Work task:
Reproduce the data below in full and to the letter, images excepted.
*** Opening Information shown ***
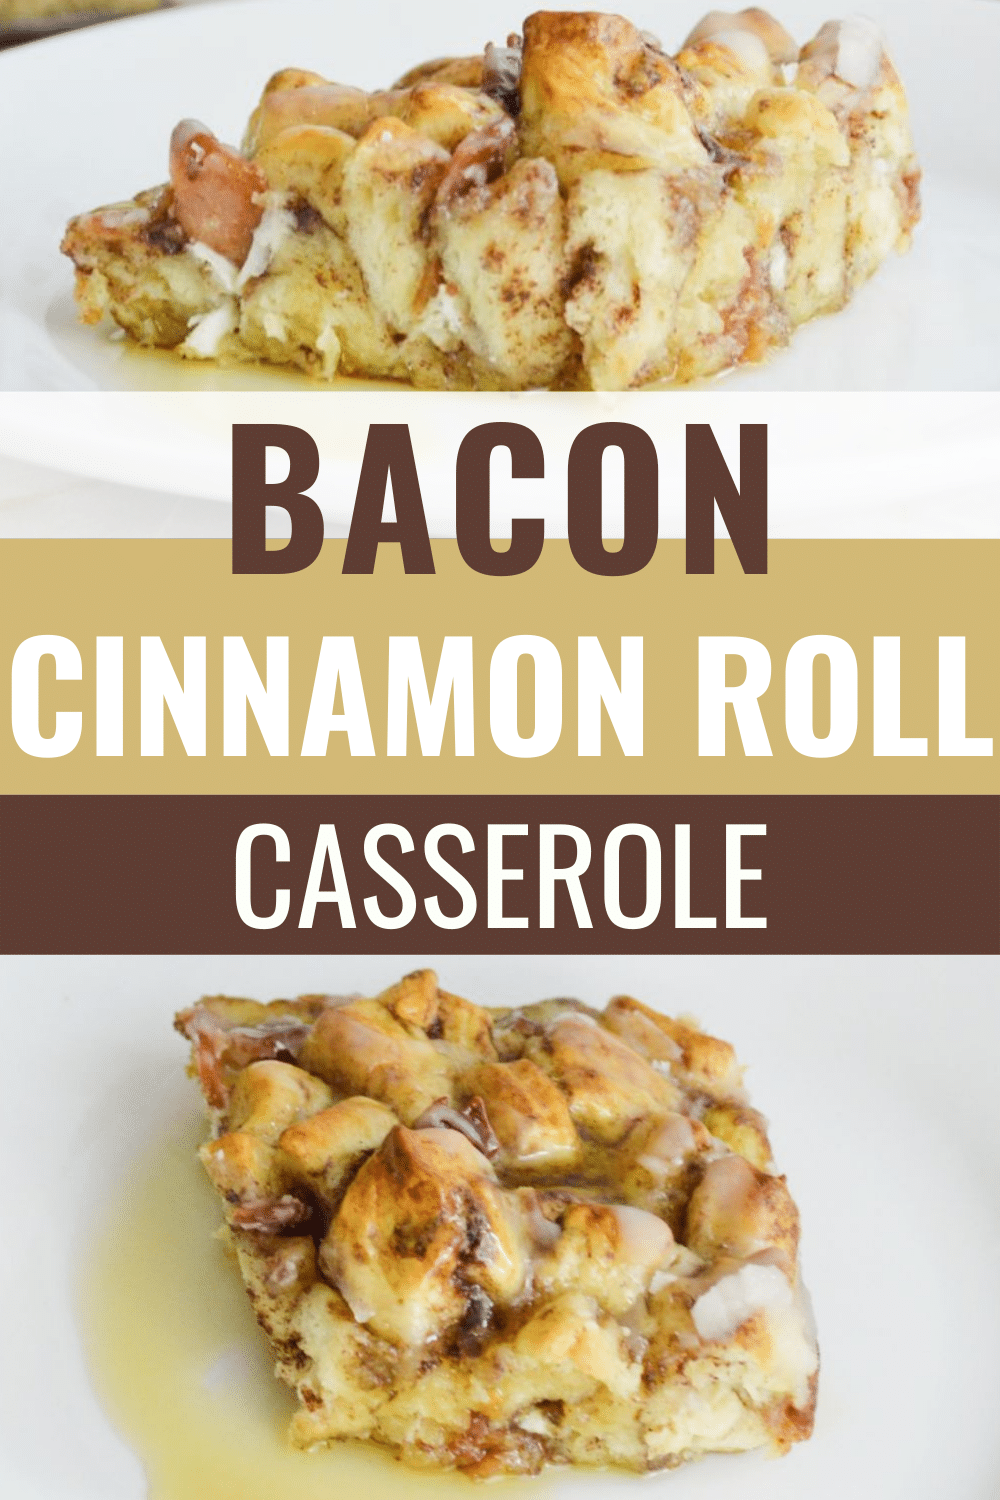 Bacon Cinnamon Roll Casserole is breakfast perfection. You get two of the best breakfast flavors in one dish! (just four ingredients!) #casserole #breakfast #bacon #cinnamonroll #recipe via @wondermomwannab
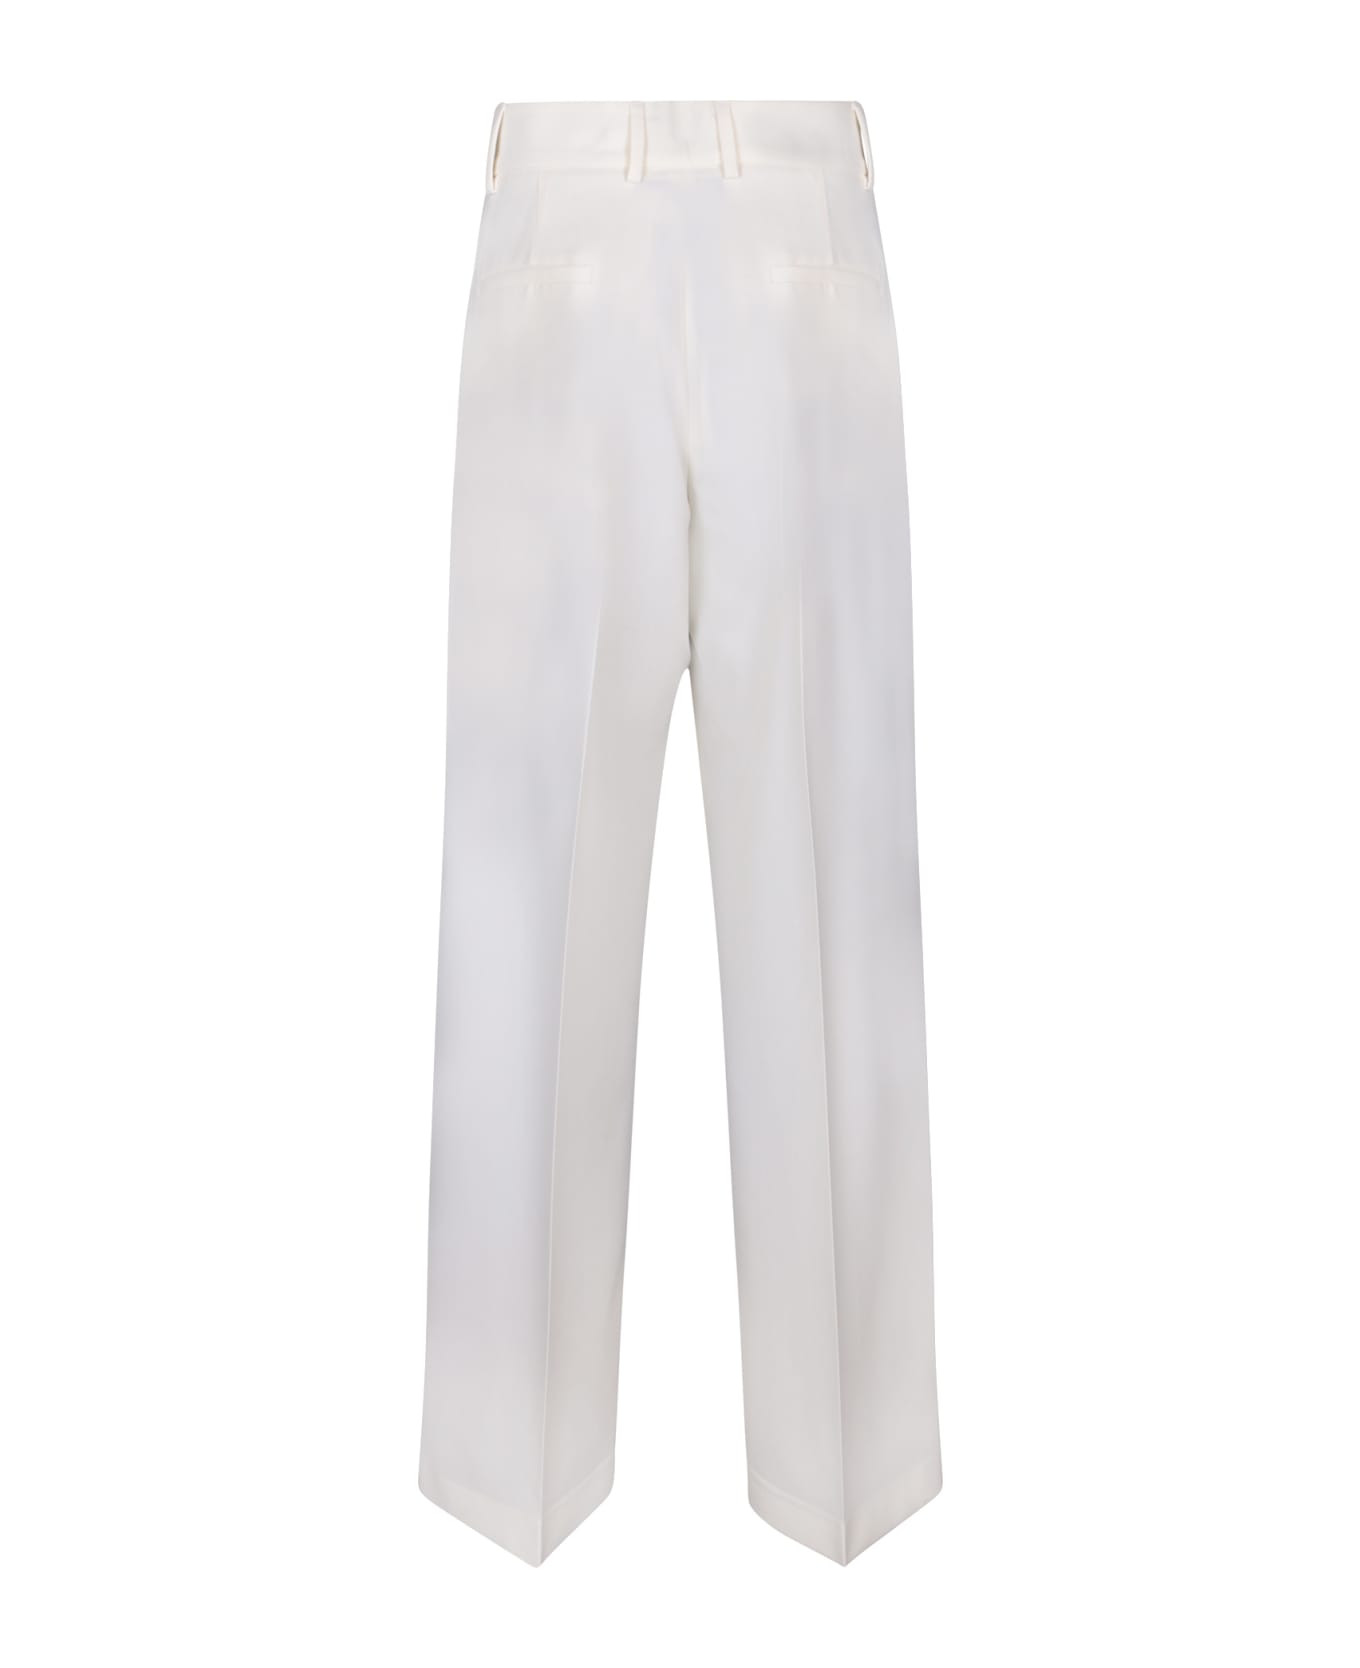 MSGM White Tailored Trousers - White
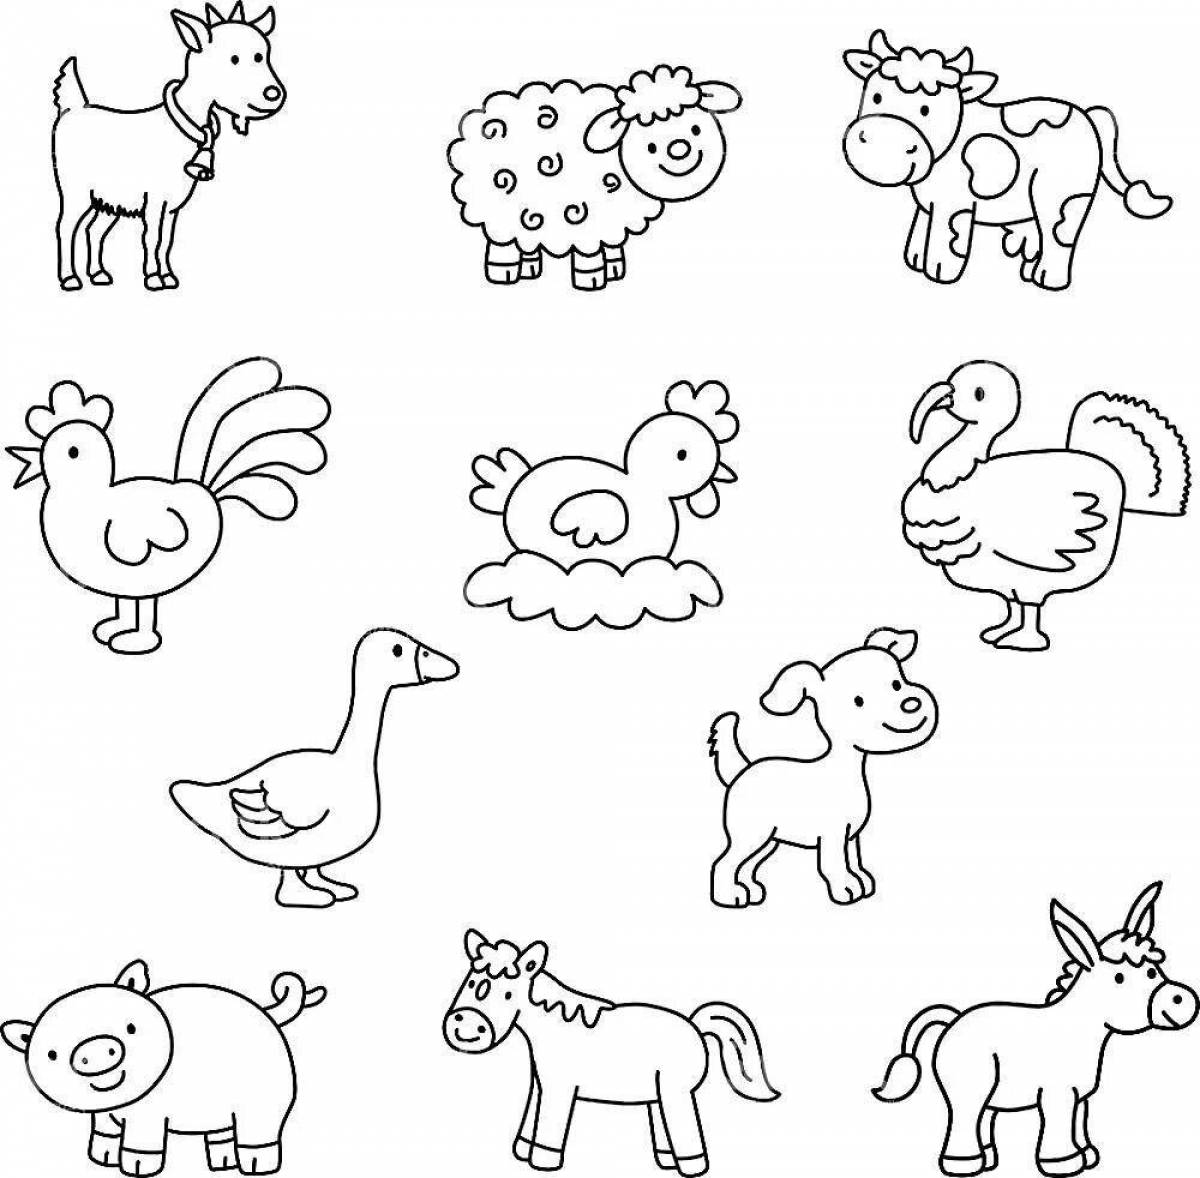 Animated animal coloring games
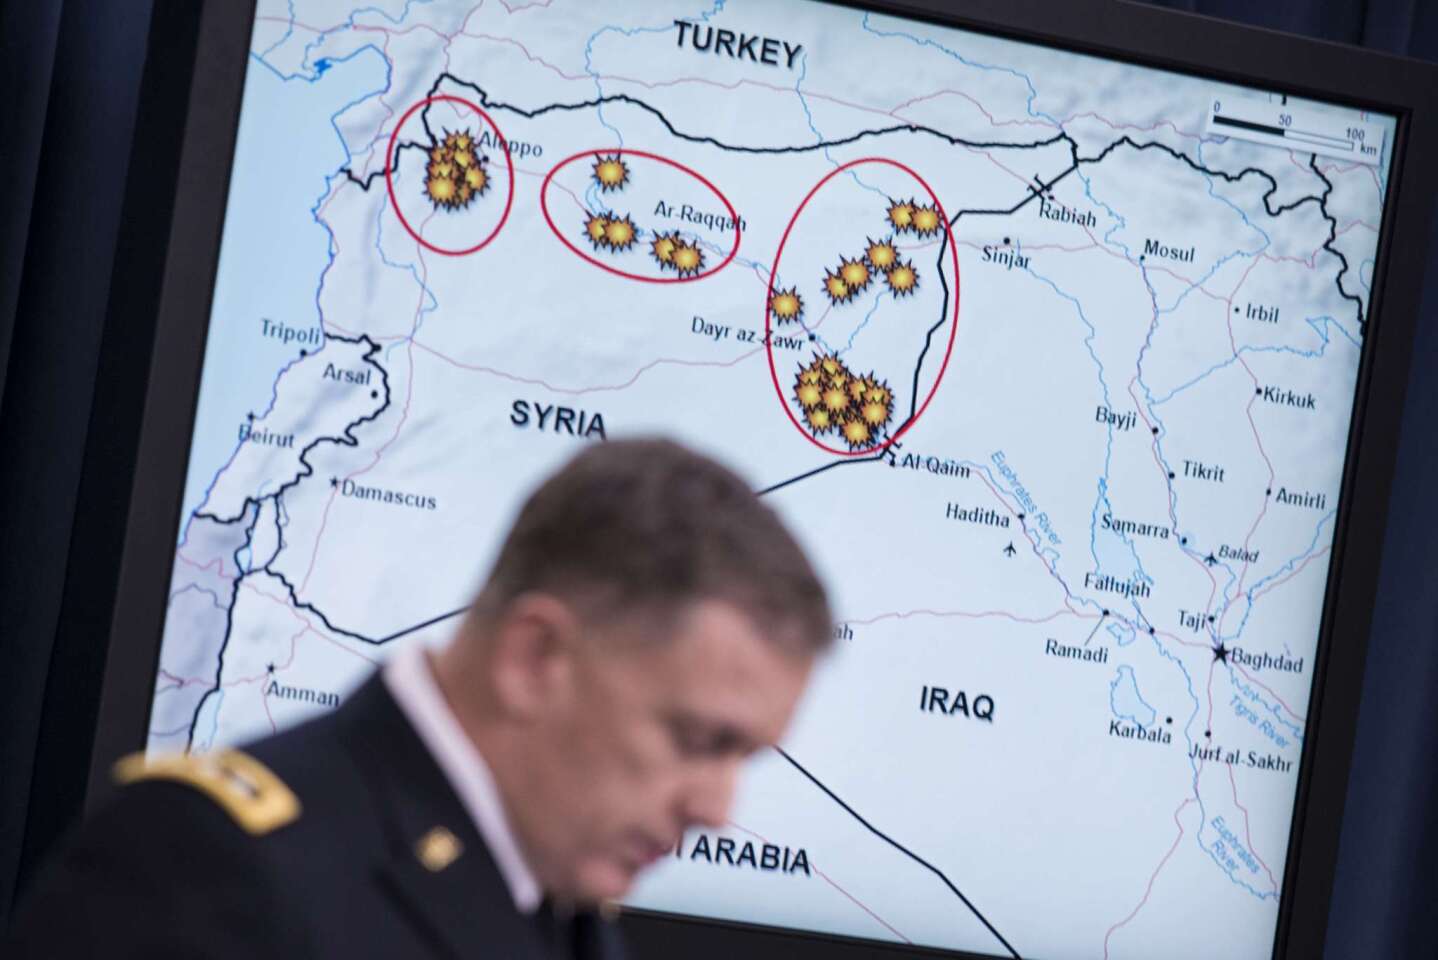 Lt. Gen. William C. Mayville Jr., director of operations for the Joint Chiefs of Staff, speaks about airstrikes in Syria during a briefing at the Pentagon.
*** Closing Information shown ***
Solution for this task:
 Bacon Cinnamon Roll Casserole is breakfast perfection. You get two of the best breakfast flavors in one dish! (just four ingredients!) #casserole #breakfast #bacon #cinnamonroll #recipe via @wondermomwannab
 MSGM White Tailored Trousers - White
 Animated animal coloring games
 Lt. Gen. William C. Mayville Jr., director of operations for the Joint Chiefs of Staff, speaks about airstrikes in Syria during a briefing at the Pentagon.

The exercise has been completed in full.